How to complete this task:
Print the whole listing again exactly, keeping no pictures in it.

Dataset excerpt:
=== Section Start ===

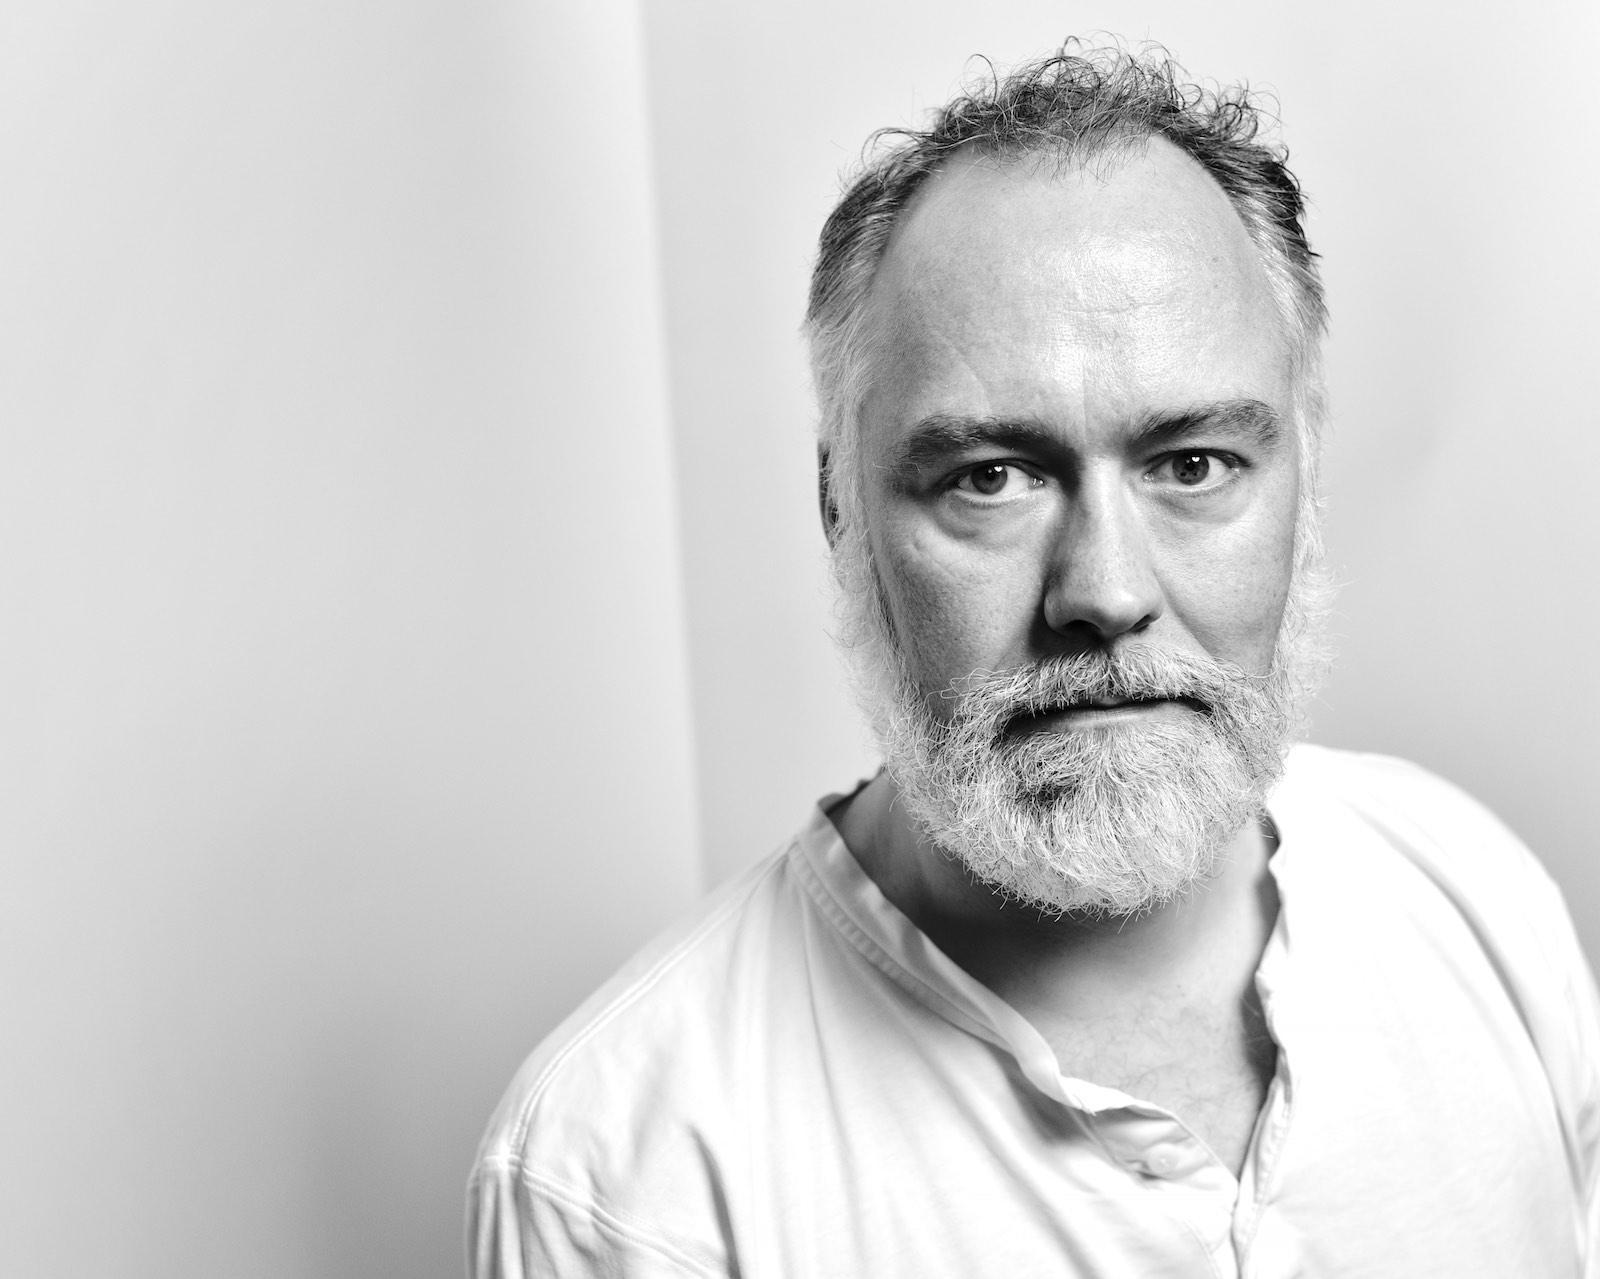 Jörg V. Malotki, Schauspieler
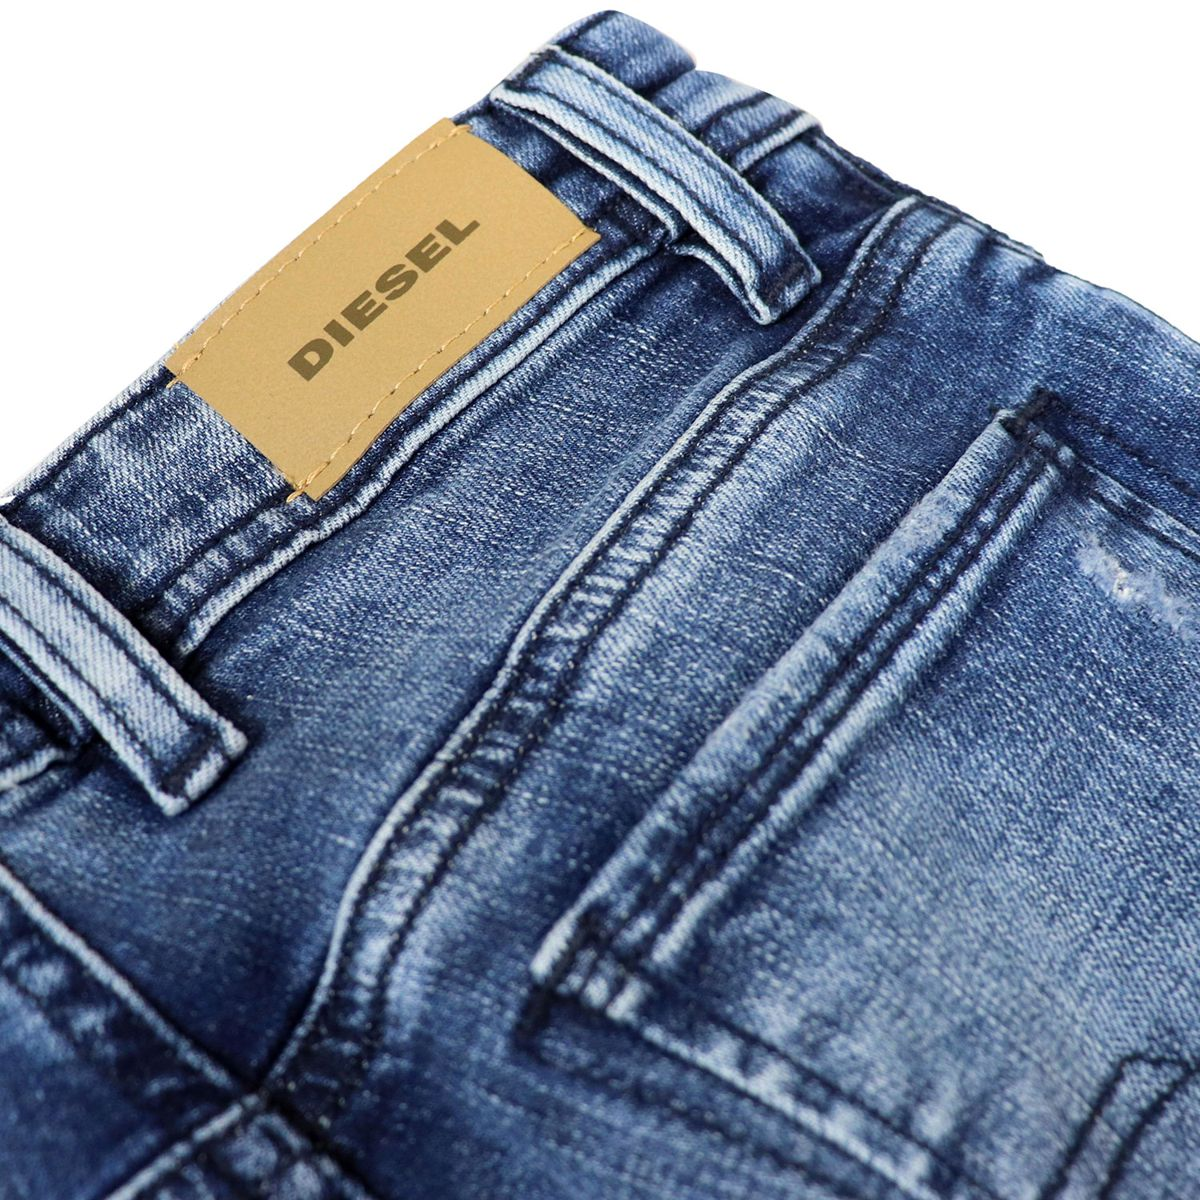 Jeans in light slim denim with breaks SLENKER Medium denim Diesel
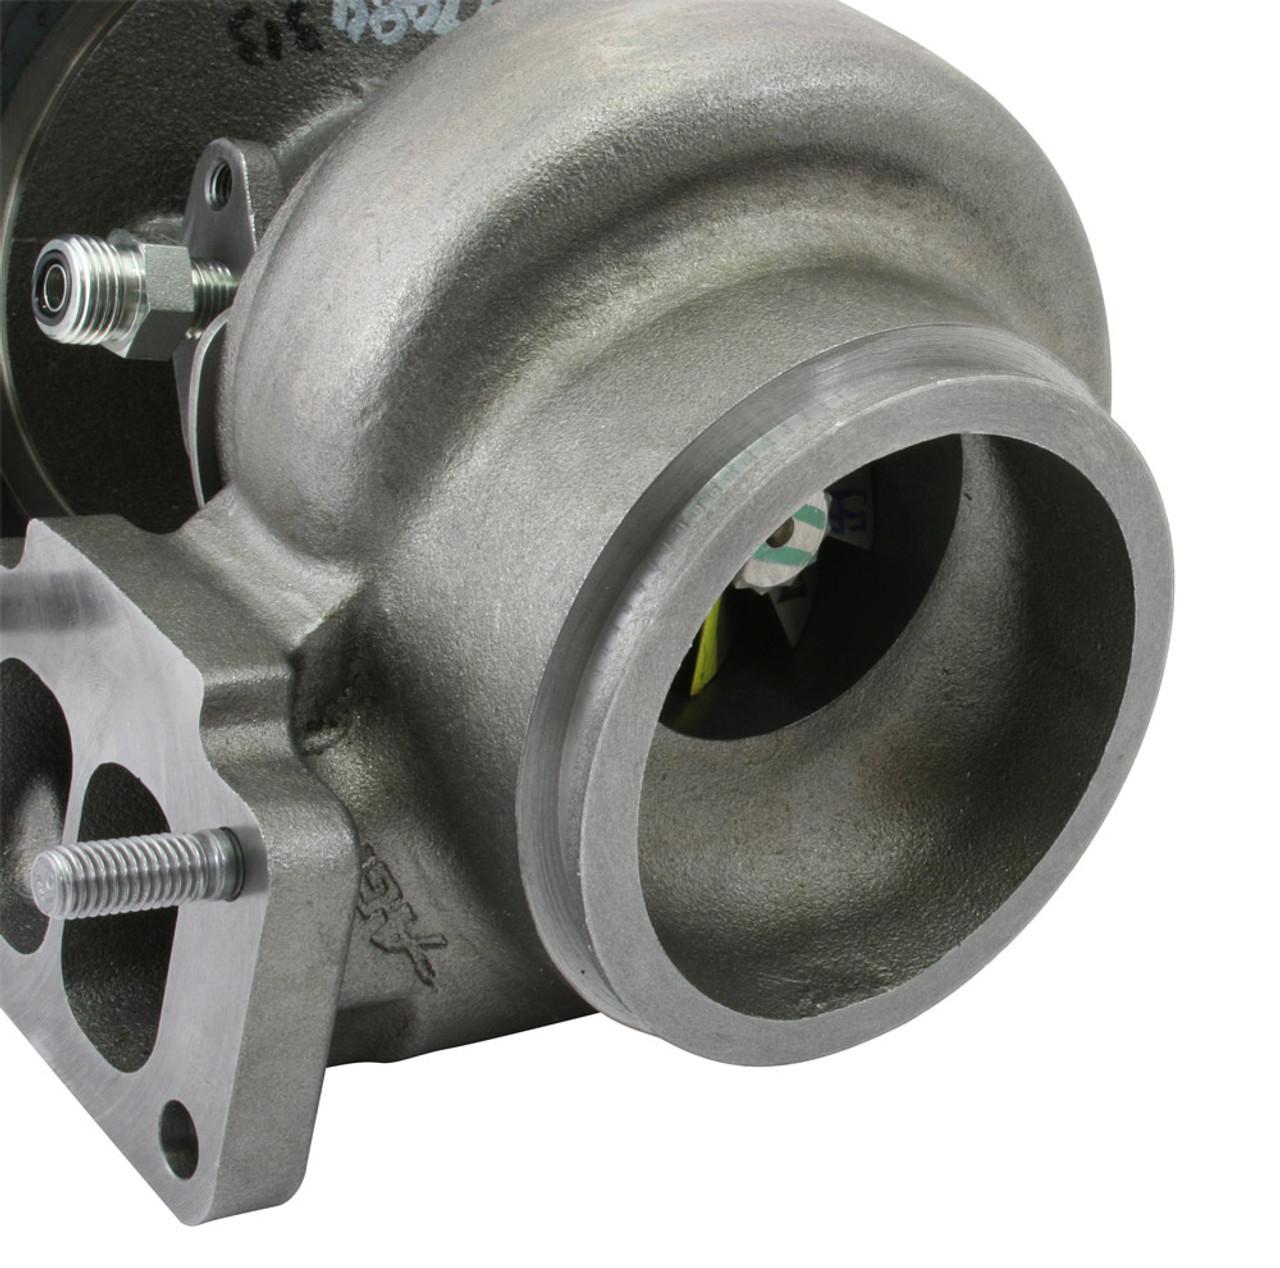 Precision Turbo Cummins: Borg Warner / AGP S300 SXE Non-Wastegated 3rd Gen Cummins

=== Section End ===

Task answer:
 Jörg V. Malotki, Schauspieler
 Jeans in light slim denim with breaks SLENKER Medium denim Diesel
 Precision Turbo Cummins: Borg Warner / AGP S300 SXE Non-Wastegated 3rd Gen Cummins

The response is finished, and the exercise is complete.